Regardless of the security measures taken to protect data on servers and during transmission to client devices, Web applications are potential points of data loss because of weaknesses in Web browsers. SSL encryption helps protect data when it is sent between clients and servers, but once it is on the client device, the data must be decrypted to be useful to the end user. This situation creates an opportunity for malicious software on the client device or downloaded from a compromised Web site to steal decrypted data.

Mitigating the risk of data loss from a Web browser requires additional security measures to the ones you typically deploy. Web applications that work with confidential and private information should not assume that client devices are secure. Instead, they should download browser session security software prior to launching the Web application's client‐side code.
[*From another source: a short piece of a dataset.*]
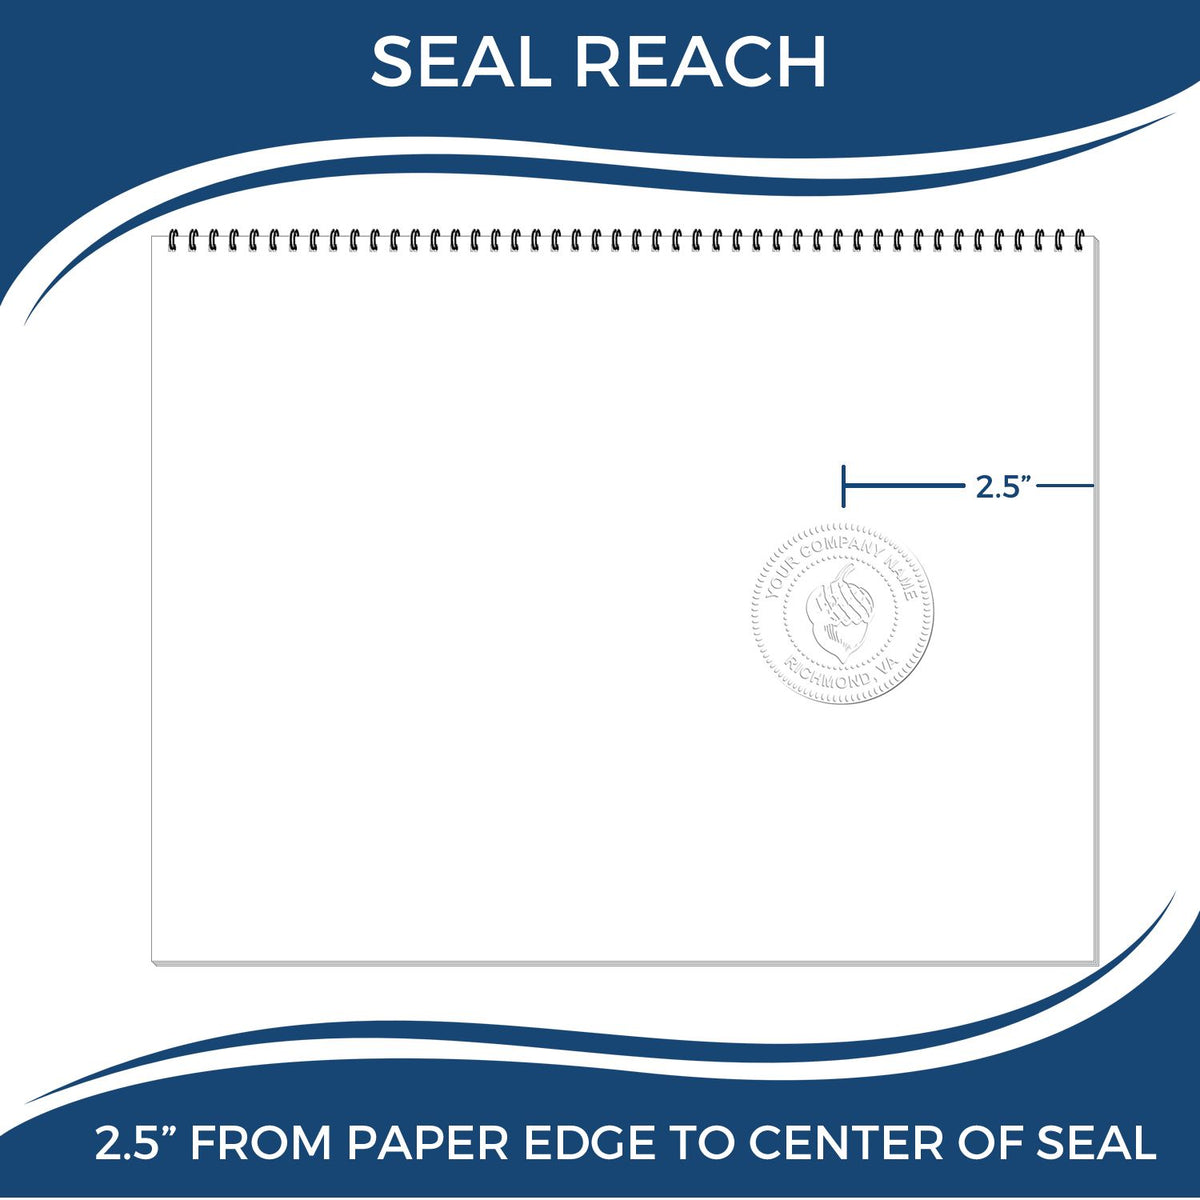 An infographic showing the seal reach which is represented by a ruler and a miniature seal image of the Long Reach Georgia Land Surveyor Seal

Session securing software should provide a logical barrier from other processes on the client so that malicious software cannot read from the browser's applications space. In addition, the session securing software should delete all session data after the Web application terminates so that no data is left in the browser cache, which could be vulnerable to malware on the client. Of course, not all data loss risks stem from malicious software. A disgruntled employee who decides to download a client list and take it to a new employer can be more of a threat than malware. The session securing software should include functionality that controls user activities and logs user actions. This information may be useful for enforcement and compliance.

IT professionals have put a great deal of effort into securing Web applications. Until recently, you have had to count on users to employ caution when browsing and clearing sensitive data from the browser. You've also had to assume and hope that users kept their antivirus and personal firewalls up to date to mitigate the risk of a malware infection. Fortunately, you do not have to simply hope for the best anymore. On‐demand, session-based security controls now offer the opportunity to extend security controls to even unmanaged client devices.